- [Prompt]:
Output each line of the listing exactly, though pictures are not to appear.

- [Material provided]:
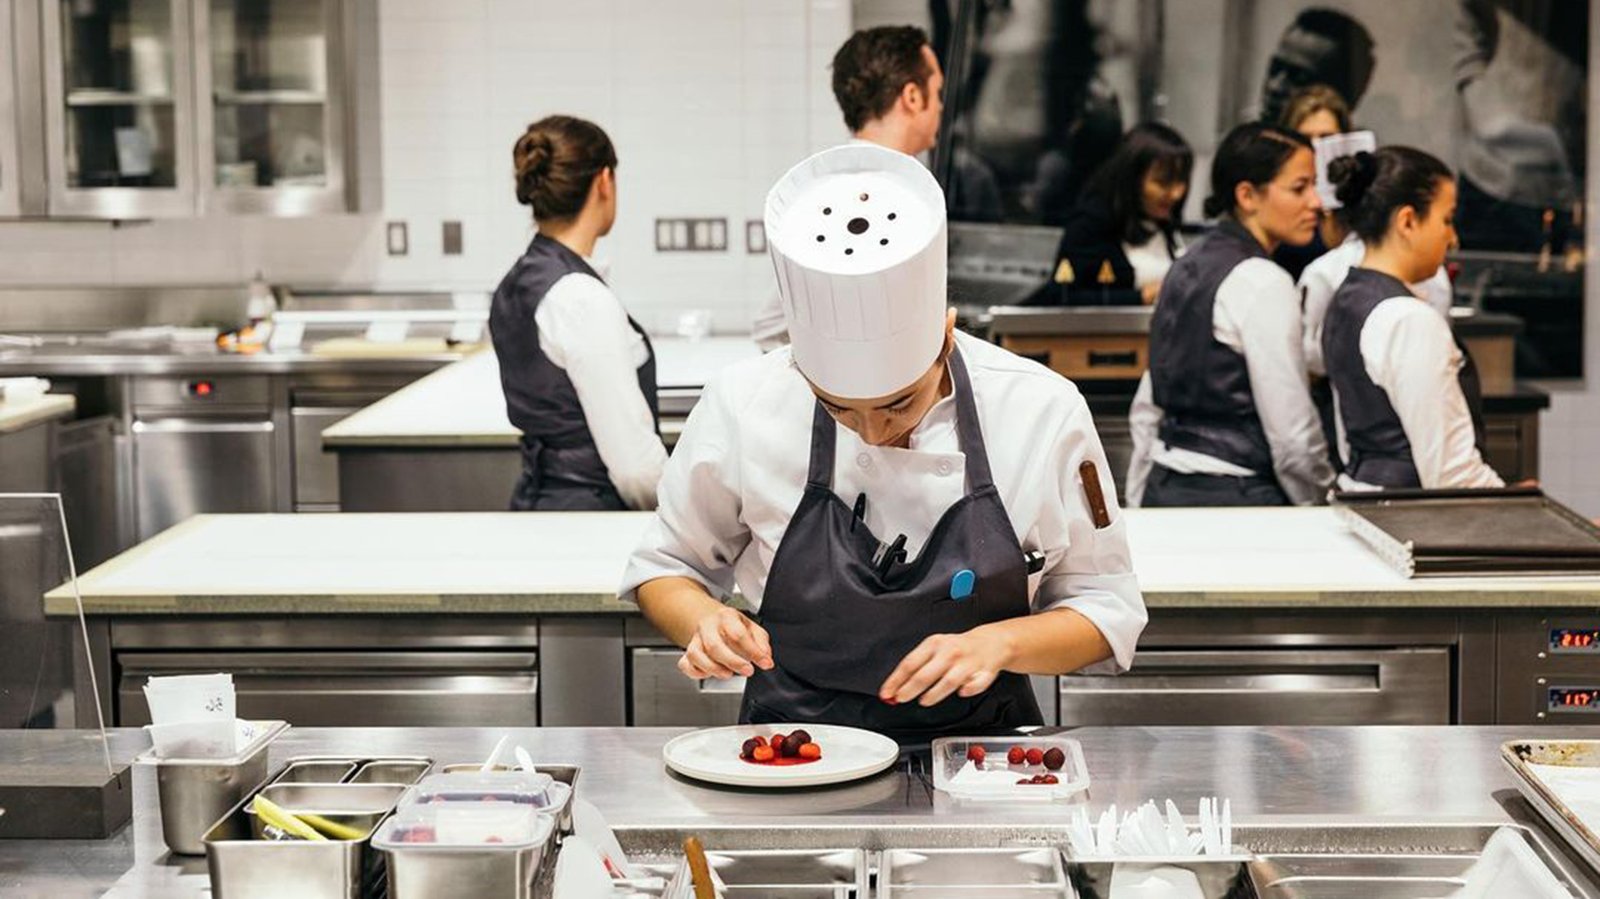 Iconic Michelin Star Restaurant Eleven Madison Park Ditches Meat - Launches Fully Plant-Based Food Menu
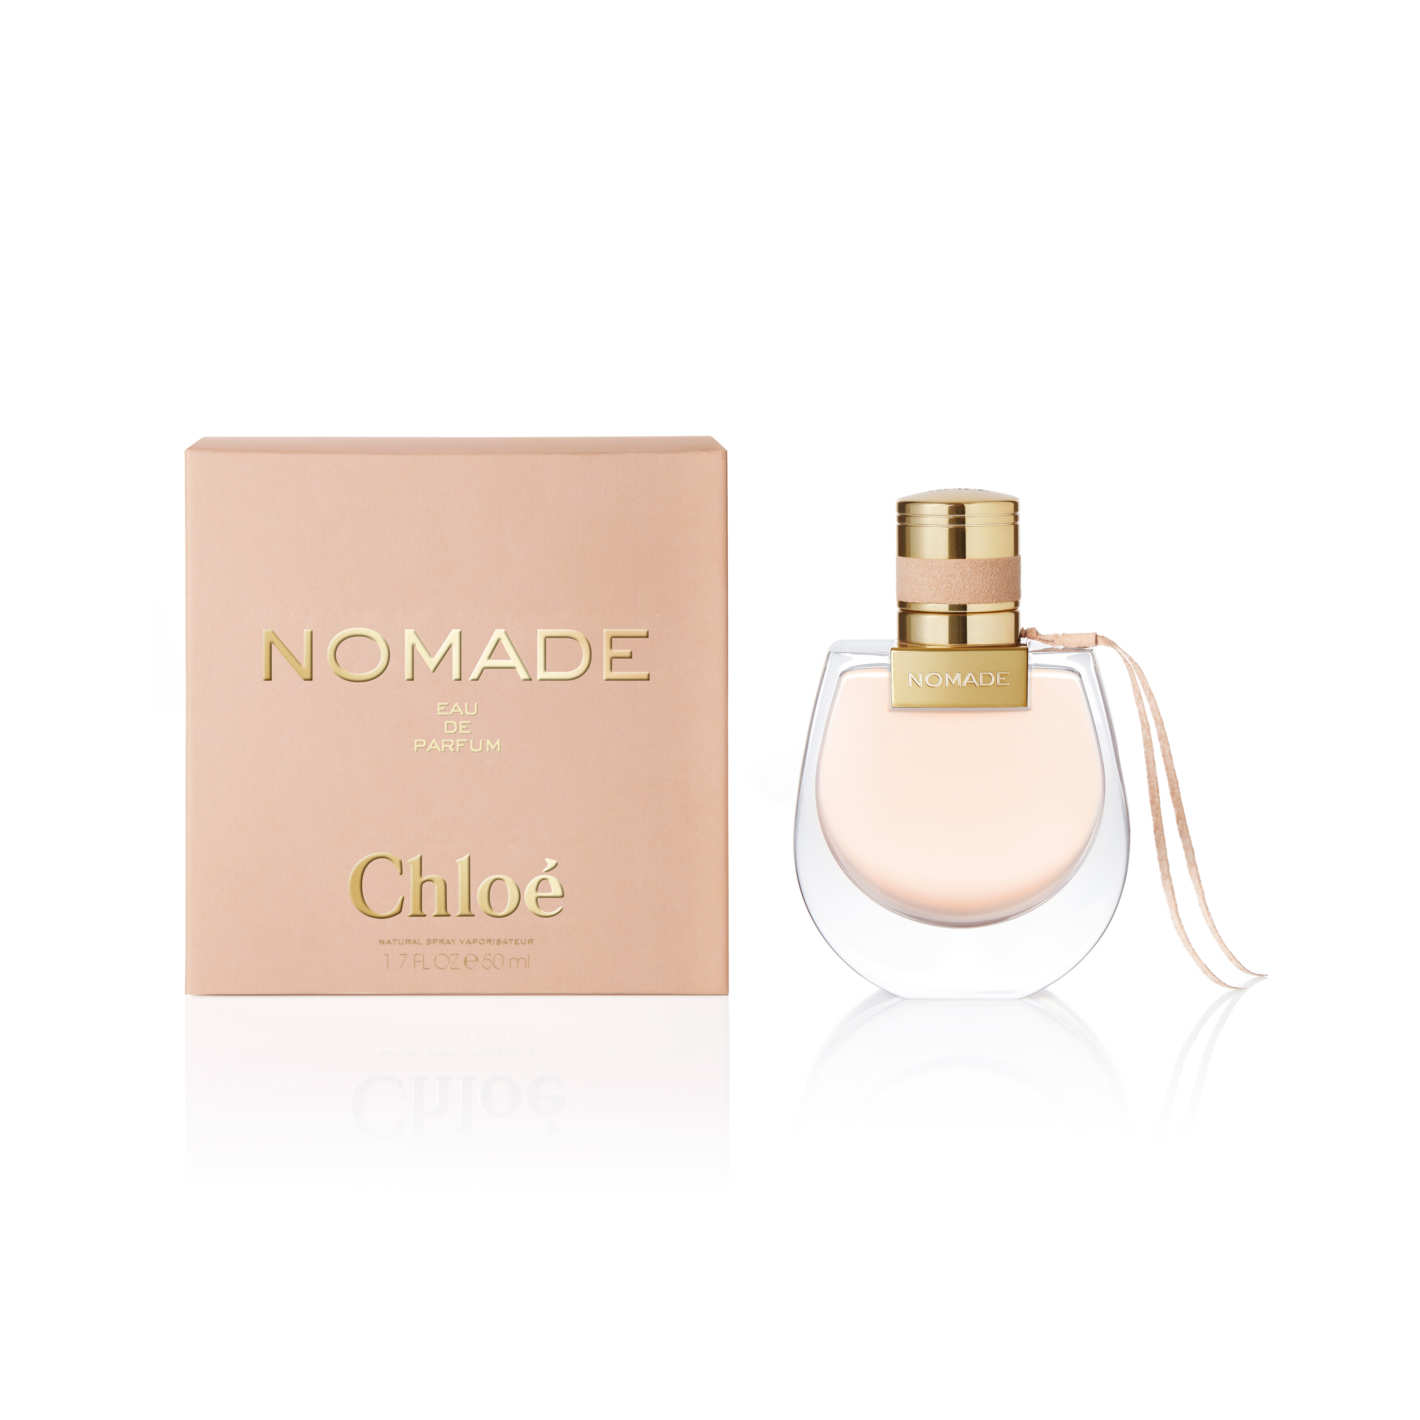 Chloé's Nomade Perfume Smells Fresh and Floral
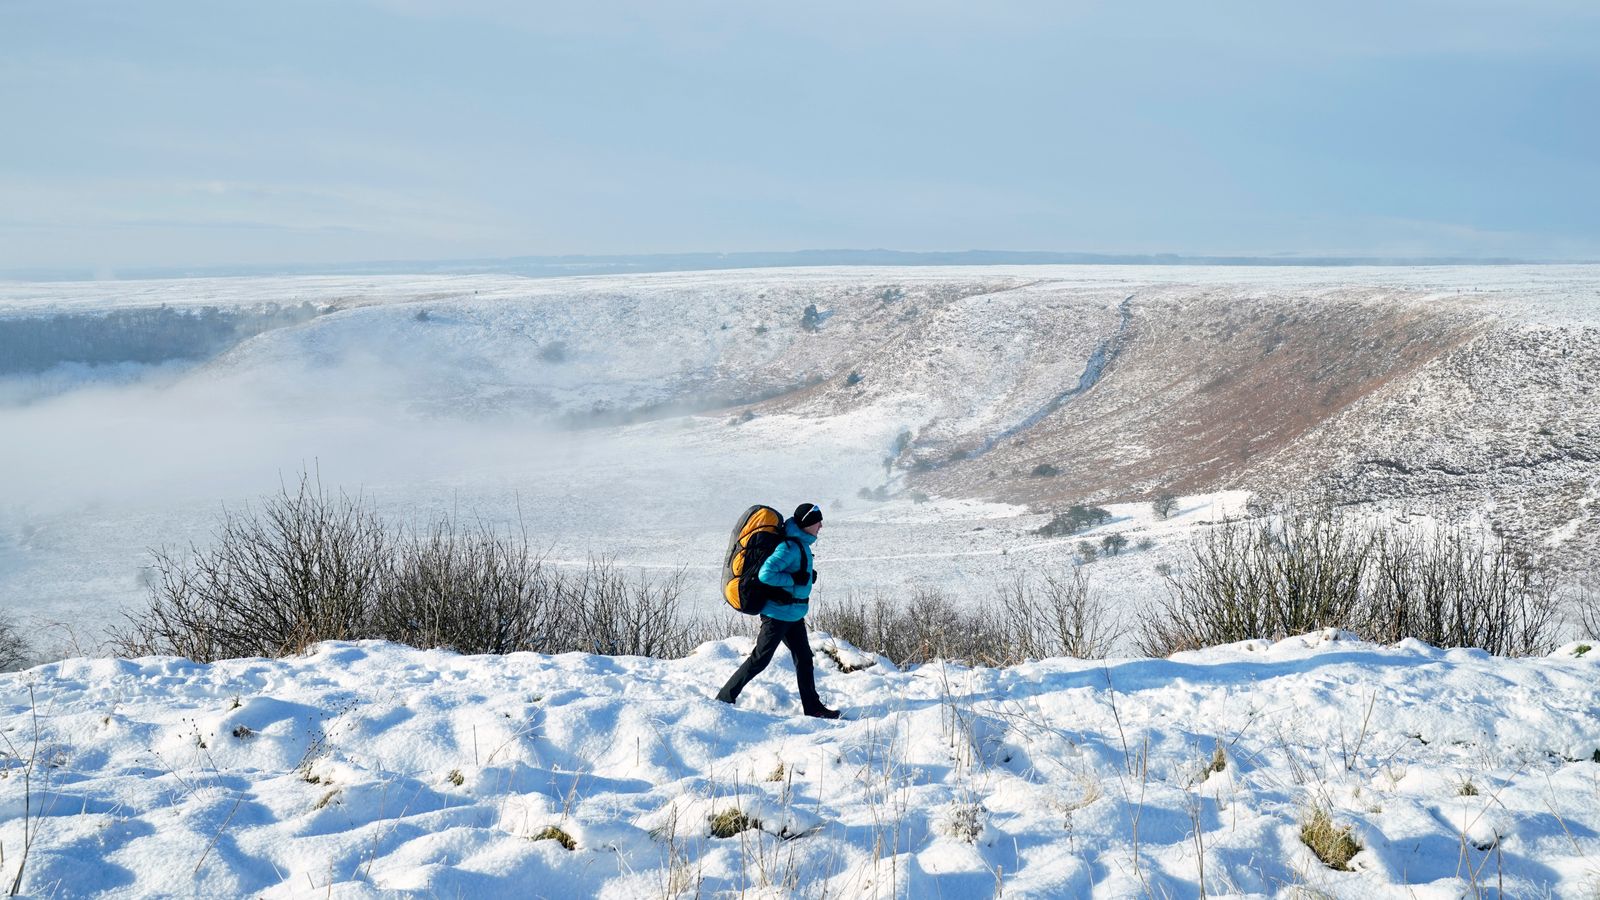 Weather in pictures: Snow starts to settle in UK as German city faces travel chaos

- [Answer area]:
 Iconic Michelin Star Restaurant Eleven Madison Park Ditches Meat - Launches Fully Plant-Based Food Menu
 Chloé's Nomade Perfume Smells Fresh and Floral
 Weather in pictures: Snow starts to settle in UK as German city faces travel chaos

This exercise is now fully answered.